Очень большой резон безусловно, конечно.
Но я вижу… Но я знаю, нет-нет.
Я знаю, что есть и совершенно другое.
В моем любимом Ельцин-центре
экспозиция начинается с мультфильма,
который идет 8 минут.
— Да, про свободы на Руси.
— Да.
И мои ученики, а я много раз ездила
с учениками в Ельцин-центр, прям обычно…
Всегда было довольно много людей,
у которых это вызывало ярость:
«Это всё неправильно! Это всё не так!»
Ну им, конечно, казалось странным,
конечно, там всё заканчивается как бы Ельциным.
Вот итог всего, но ладно.
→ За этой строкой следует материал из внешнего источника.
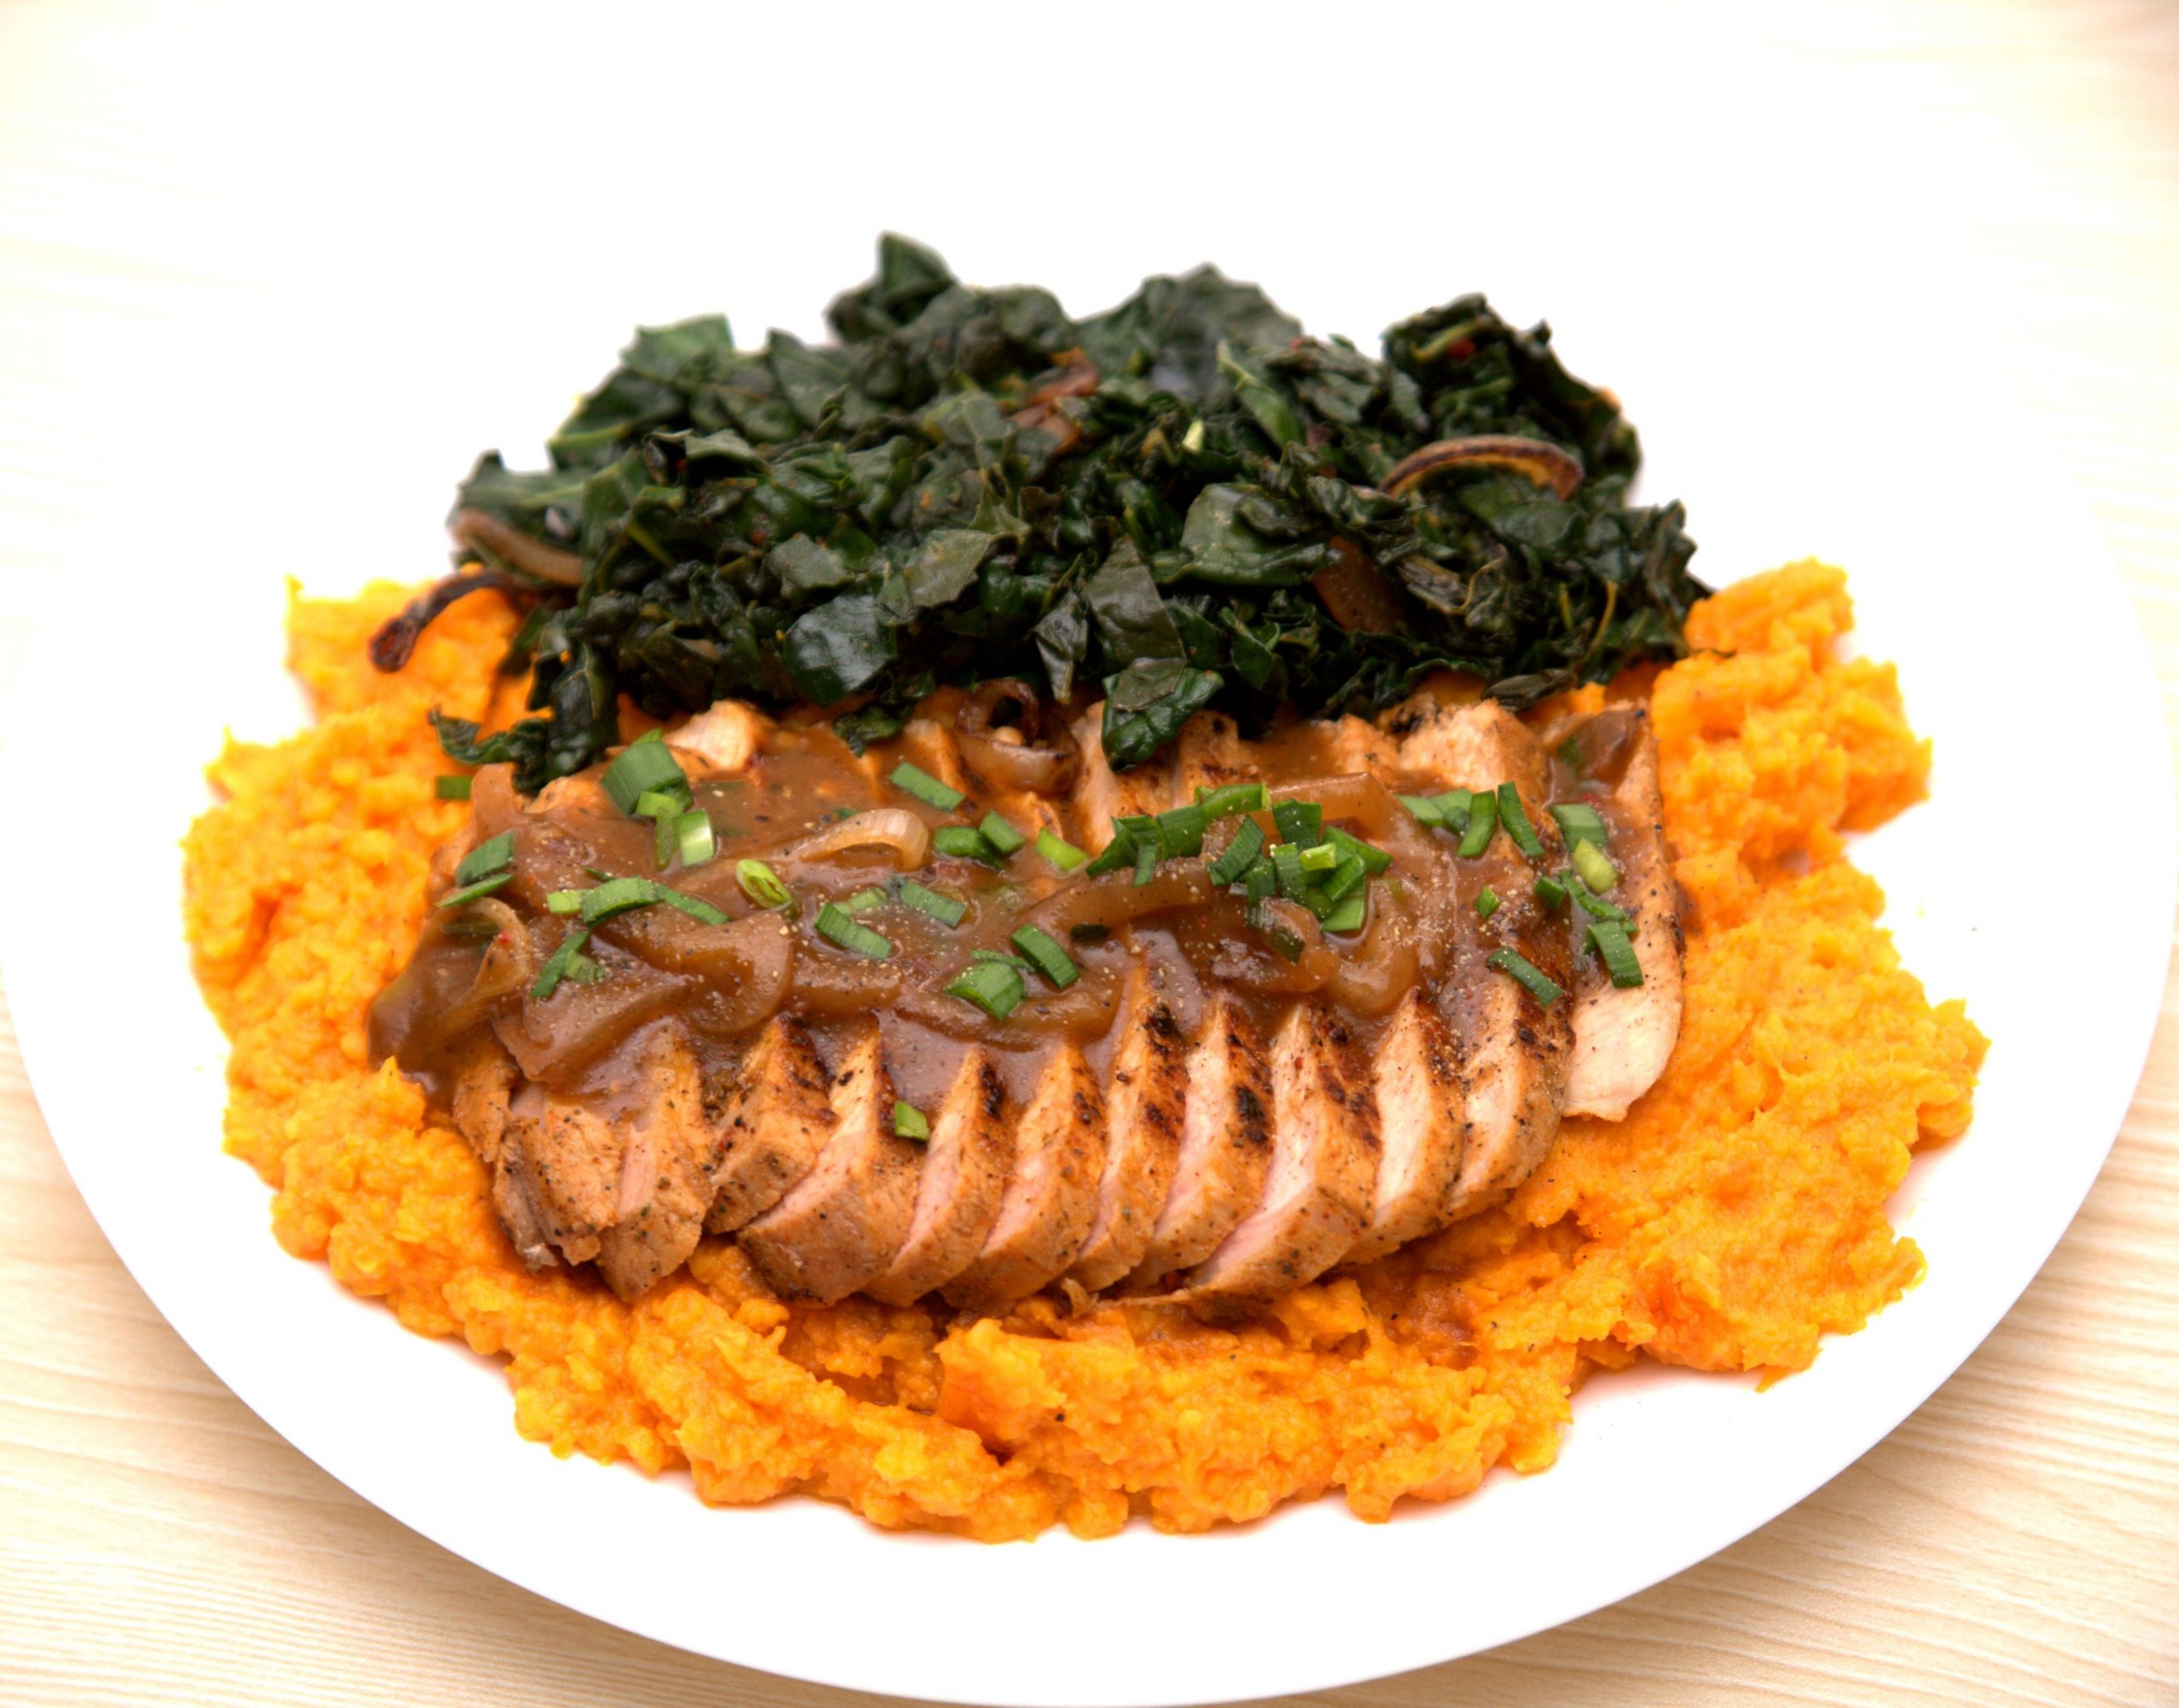 Seared Pork Chops, Kale, and Maple Butter Gravy

Это мы…
Понятно, всё-таки это музей Ельцина.
Но сама идея о том,
что в нашей истории было много всего другого.
Да, что была Новгородская республика,
что были вот для меня даже…
Всегда можно сказать: «Понятно,
этих новгородцев задавила Москва».
А вот староверы,
которых было миллионы и есть миллионы,
которые работали потрясающе.
Вот тоже там мы всегда в Екатеринбурге
шли в музей «Невьянской иконы» к Ройзману.
И он всегда так рассказывает
про этих староверов!
Понимаешь, какая огромная роль была этих людей.
Всегда кажется,
что это просто какие-то дураки бородатые,
которые, значит, не хотели
тремя пальцами креститься и сжигались.
Как они раб…! Как они…
У меня сын до сих пор продолжает
заниматься староверами,
и там изучать их, и помогать им.
Как они работают! Сколько они всего делают!
А это миллионы людей. А после освобождения…
Вот тоже у меня друг, историк замечательный.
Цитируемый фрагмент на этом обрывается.